- Operation Jove: Part of Portuguese Colonial War and Guinea-Bissau War of Independence
| Date | 16–19 November 1969 |
| Location | Guidaje, Portuguese Guinea |
| Result | Portuguese victory |

Belligerents
- Portugal: PAIGC Cuba

Commanders and leaders
- Fausto Mendes João de Bessa: Unknown Cap. Pedro Rodriguez Peralta (POW)

Units involved
- Forças Armadas Portuguese Army; Portuguese Air Force;: Unknown

Strength
- 105 soldiers: Unknown

Casualties and losses
- None: 1 guerrilla killed 1 Cuban wounded/captured

= Operation Jove =

Operation Jove (Operação Jove) was a military operation launched by the Portuguese Army, it lasted from 16 to 19 November in 1969. The operation occurred in Guinea-Bissau, which was then known as Portuguese Guinea, and was a Portuguese victory. The operation was part of the Guinea-Bissau War of Independence and the Portuguese Colonial War.

==The operation==
The "Guileje Corridor" constituted the main line of infiltration of the PAIGC in Guinea. In reality, it was an open track of the forest that came from Kandianfara, in the Republic of Guinea-Conakry, and penetrated the territory through the Quitafine region in the South. In November 1969, Portuguese listening services captured the information of the passage of an important column with war material, in which Nino Vieira, at the same time the mythical commander of the Southern Front, was displaced, and the Commander-in-Chief of the Portuguese forces in Guinea assigned to the Battalion of Parachute Hunters n.12, the mission to intercept the guerrillas.

Two parachute companies were transported by plane from Bissau to Aldeia Formosa in the South on 16 November, and from there the men were placed on the ground by helicopter. The ambush was set up on 17 November, with seventy men on a backstop, thirty-five in support, and another thirty-five on the "Corridor of Guileje".
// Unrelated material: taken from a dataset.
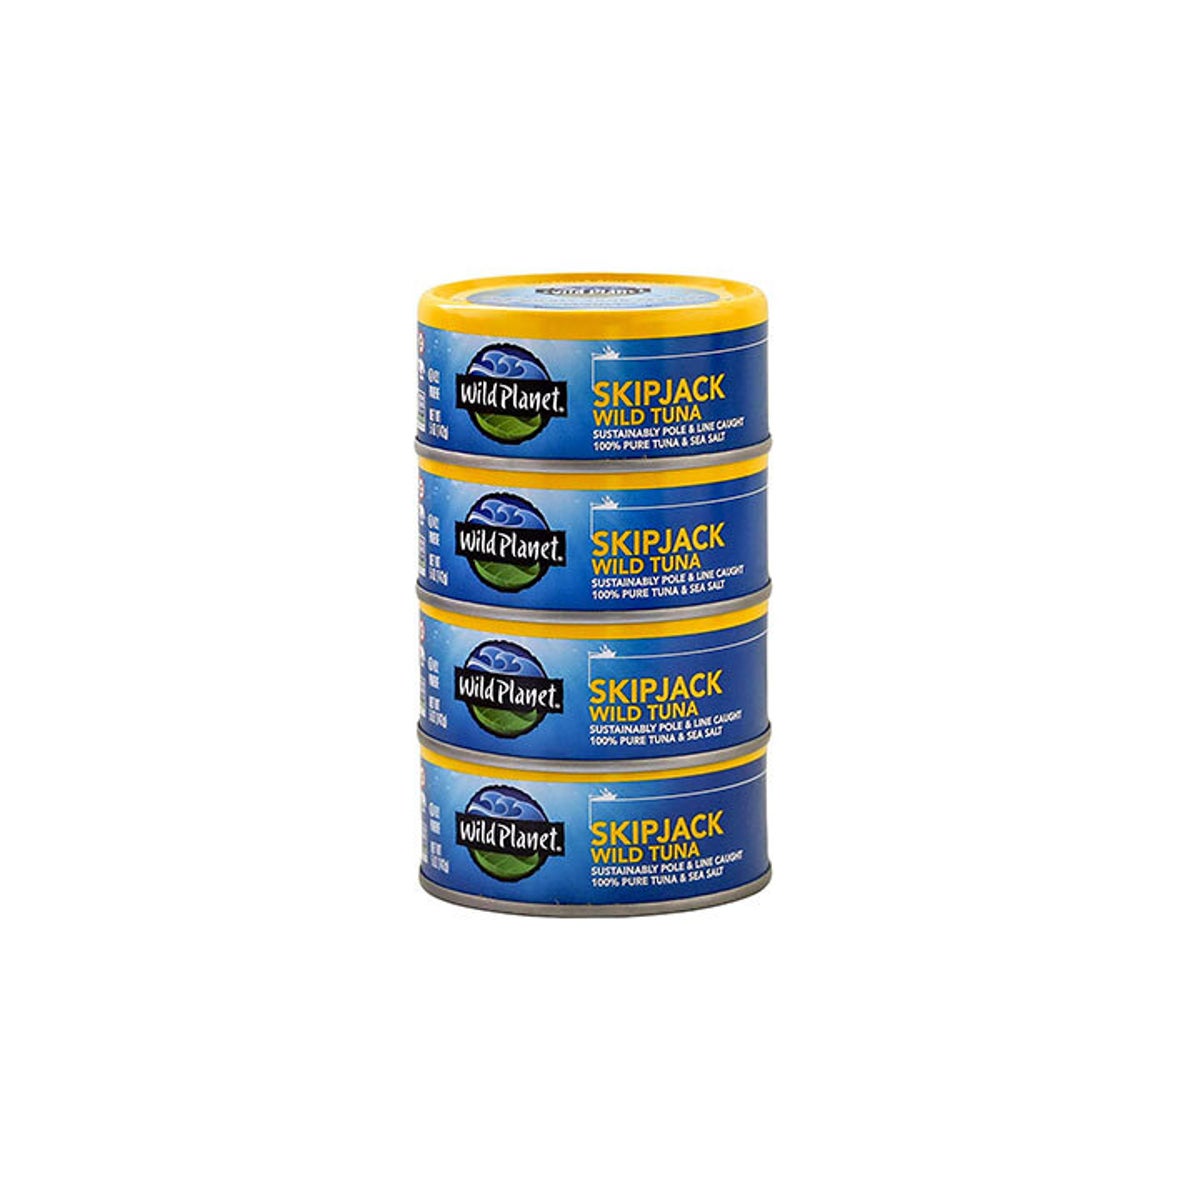 The Best Canned Tuna in 2022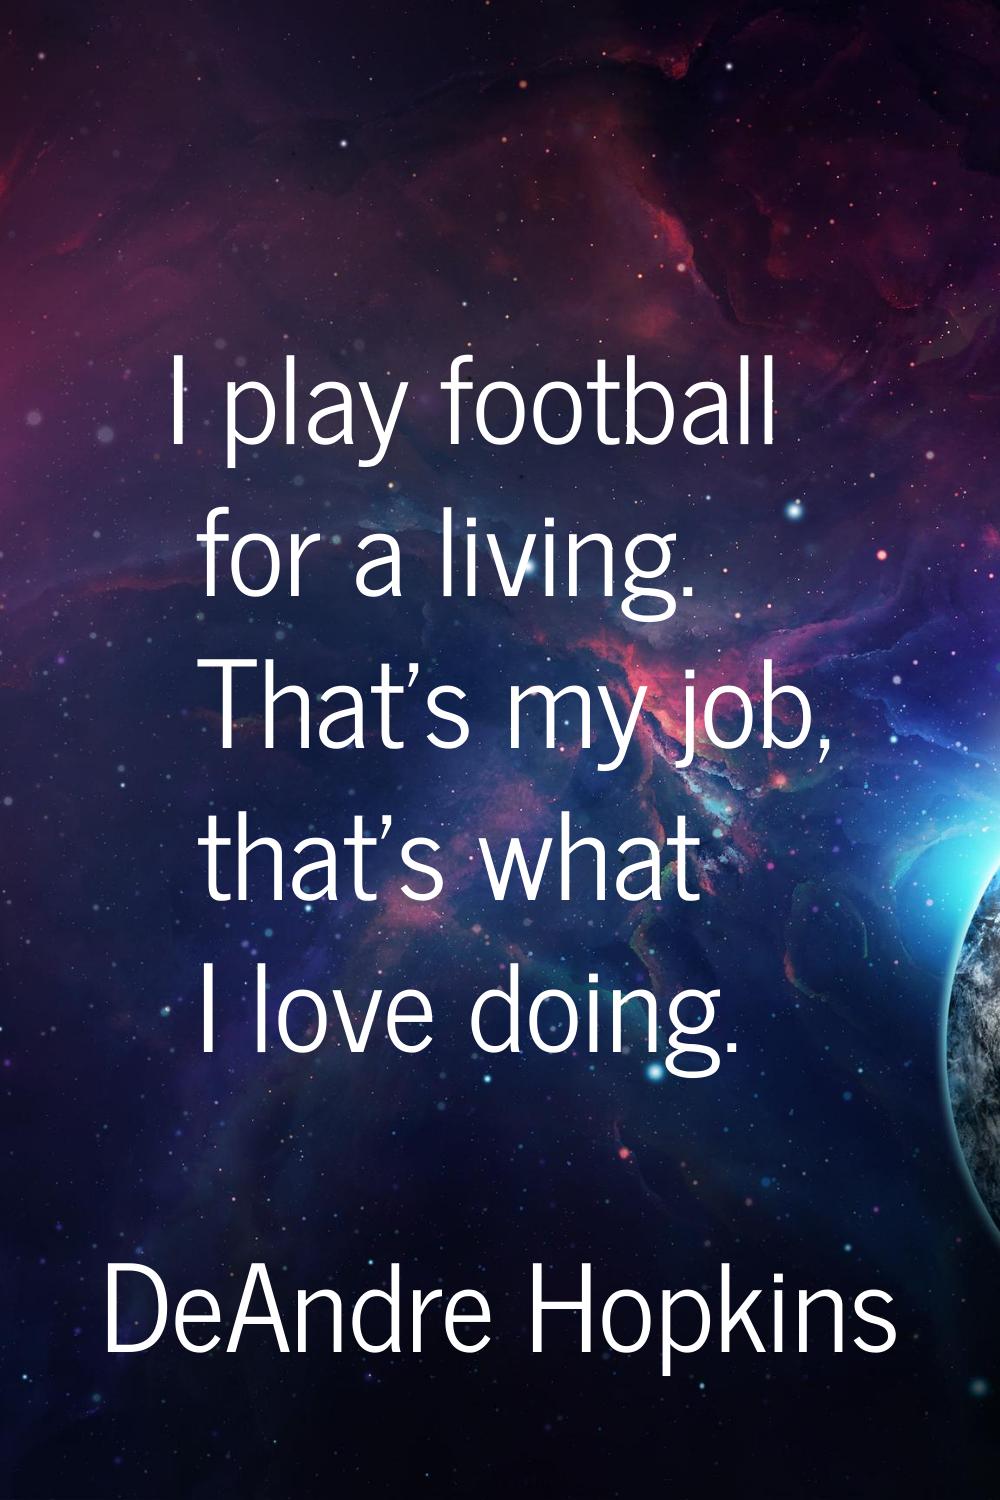 I play football for a living. That's my job, that's what I love doing.

On 18 November, after a difficult march through the woods and shortly after other troops from this group had installed the device, voices were heard and two armed men, white and black, appeared in the bite. The paratrooper aiming the machine gun opened fire, killing the black guerrilla and wounding the white, the latter managed to flee into the forest, trying to hide the blood trail, but after difficult chase, the paratroopers found the wounded man completely exhausted by the lost blood. He was given first aid and in a brief interrogation he identified himself as Pedro Rodriguez Peralta a 32 year-old captain in the Cuban Army, who'd born in Santiago de Cuba. He was evacuated by helicopter to Bissau and from there to Lisbon. He was released after the revolution on 25 April 1974.